Hi Dizzy just read your thread and wanted to say I could have written your post after my DD was born in April. The anxiety/boredom/lack of sleep was totally overwhelming and I felt total panic when left alone with the baby, especially when she was crying, which was a lot of the time, I just didn't know what to do. I really wanted someone (anyone!) to rescue me.
I woke up every morning with a sense of dread and really thought that I should never have had a child as I was essentially a selfish cow who just wanted her old life back. I also completely lost my sense of humour, and HATED my DP (I found him utterly intolerable and am ashamed to admit I punched him in his sleep once...how dare he sleep!!!)
Also I hated going to mother and baby groups as I felt such a failure and couldn't seem to coo/cuddle/cope as much as everyone else. I couldn't even put the baby in a sling without almost dropping her...
As everyone has said it did get a bit easier after 12 weeks when the colic subsided, but I still felt rubbish and teary. At 4 months it got easier still but my mood didn't lift. But at 5 months I was diagnosed with PND and now, after a month and a half of taking anti-depressants I feel like a completely different person (well a bit like my old self+actually being a mum IYSWIM) and I'm starting to love this new way of being, and I absolutely love my DD, and even my poor DP - much to his and my relief!

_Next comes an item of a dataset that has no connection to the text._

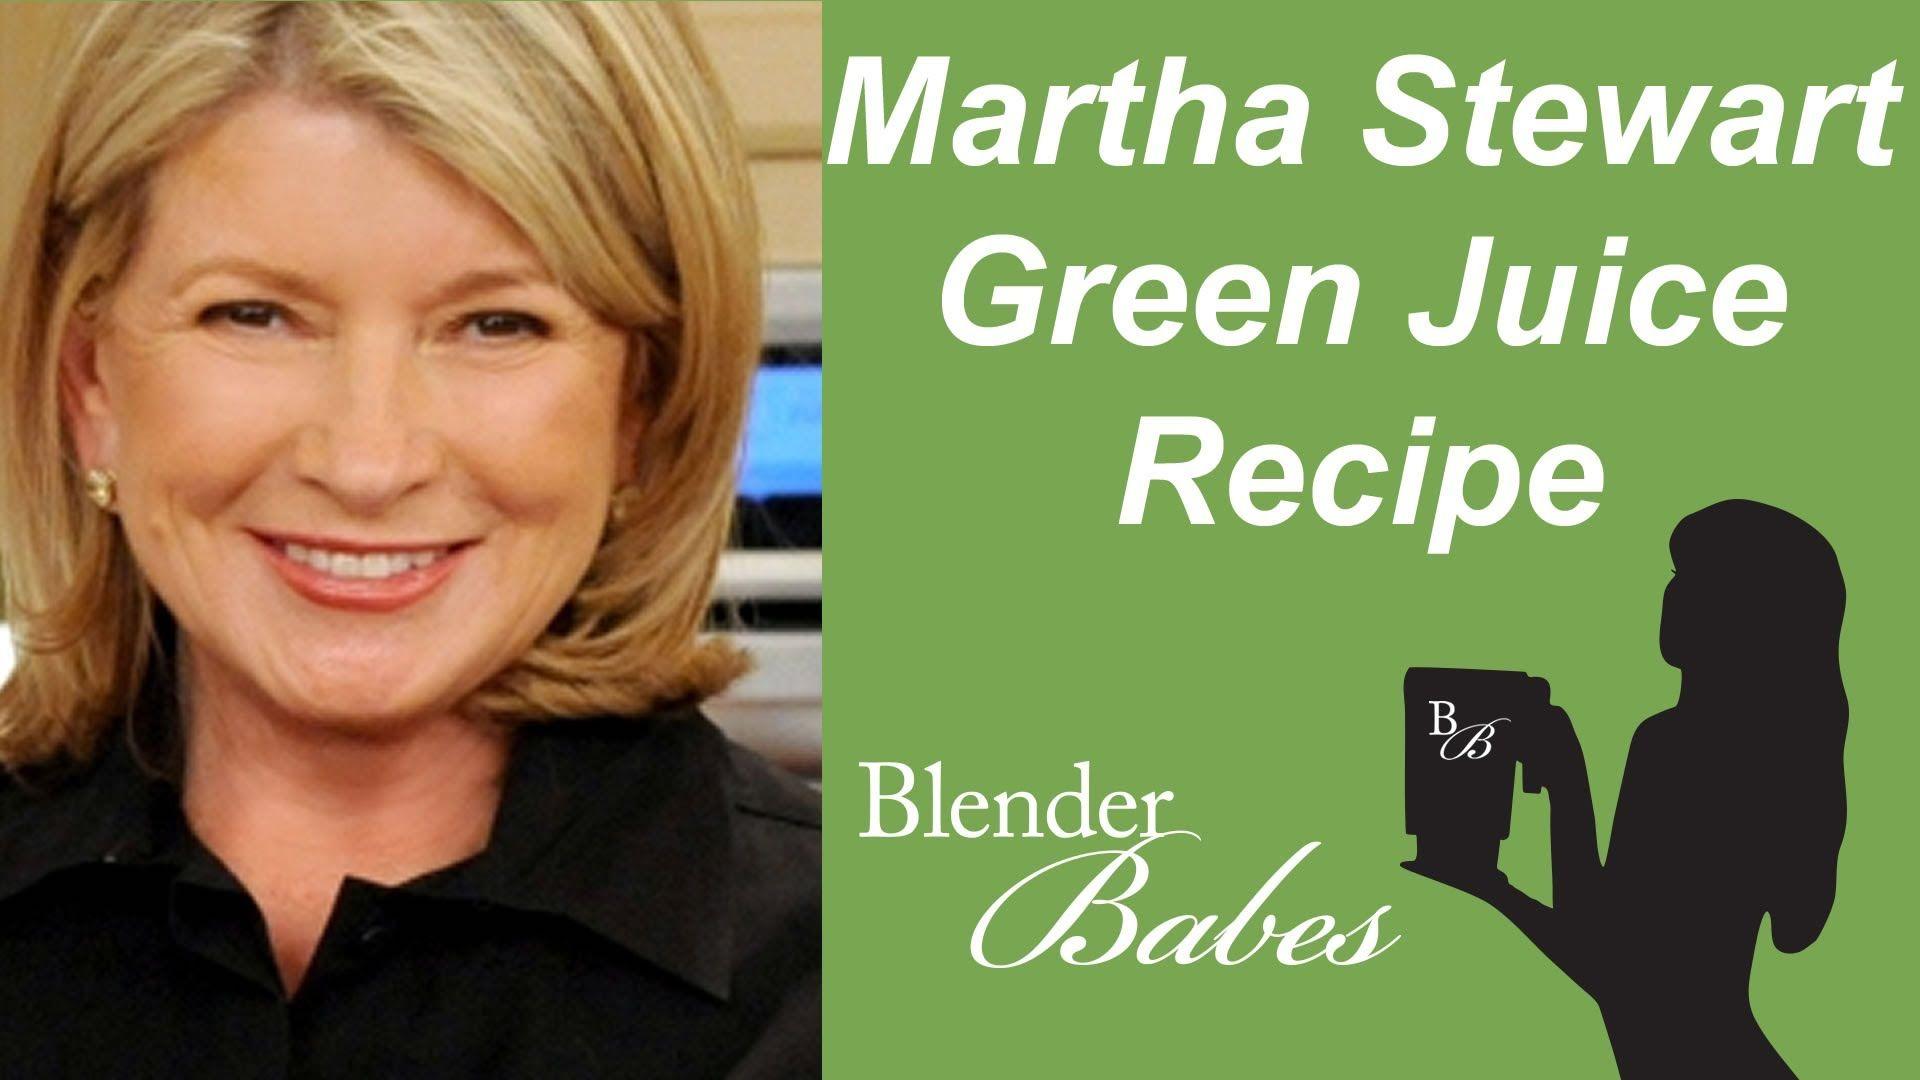 Marta Stewart's Green Juice. @BlenderBabes www.blenderbabes.com #vitamix #blendtec #recipe #martha #stewart #green #juice

IME the first 4-6 months were AWFUL, and I really don't know if I could ever do it again...although I'd love a sibling for DD, and of course having been through it once maybe it wouldn't seem so alien next time round .
So I hope things get better for you, as they have for me. I can actually relax now and even think and talk about other things... even on four hours sleep a night .
Good luck, your doing fab, and take care of yourself as well as the wee one.